Z drugiej strony możemy powiedzieć od wewnątrz, że głównym problemem jest to, że wybór europejskich przywódców nie ma nic wspólnego z reprezentacją powszechną. Dlatego jeśli przywódcy nie wypełniają mandatu demokratycznego i wywołują masowe niezadowolenie, to nie ma konsekwencji – a zwłaszcza na czele naszej Unii. (Jak widzieliśmy to ostatnio w związku z oskarżeniami o korupcję przeciwko Stelli Kyriakídis, komisarz UE ds. zdrowia, która również podpisała kontrakty na szczepionki.) Jeśli nie jesteś z nich zadowolony, możesz zostać zastąpiony - przez ludzi: na tym polega Brytyjczycy zdecydowali w Brexicie.
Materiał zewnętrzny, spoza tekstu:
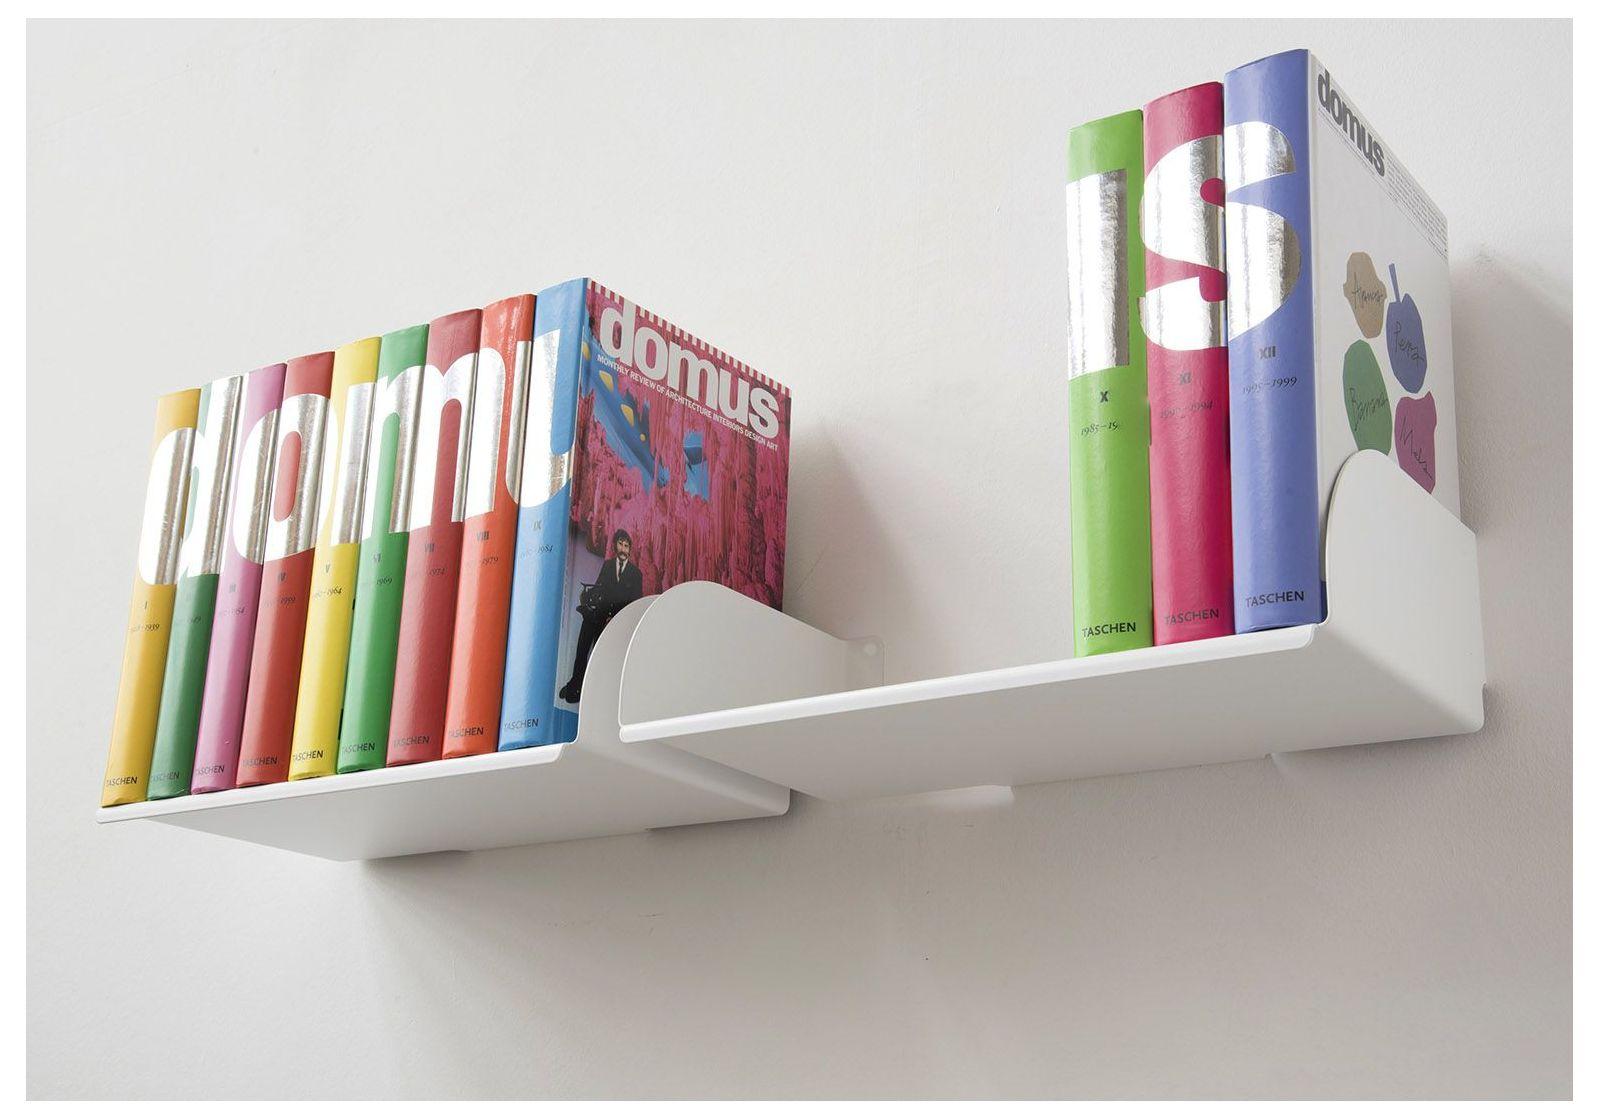 mensole per libri ubd set di 4 45 cm acciao

Podczas gdy politycy stojący na czele państw członkowskich są bezpośrednio zależni od ludzi, którzy ich wybierają, przywódcy imperium muszą jedynie odpowiadać przed swoimi zamorskimi sługami.
Tak przynajmniej sugeruje znany idylliczny obraz pocałunku Jean-Claude'a Junkera i amerykańskiego finansisty György'ego Sorosa.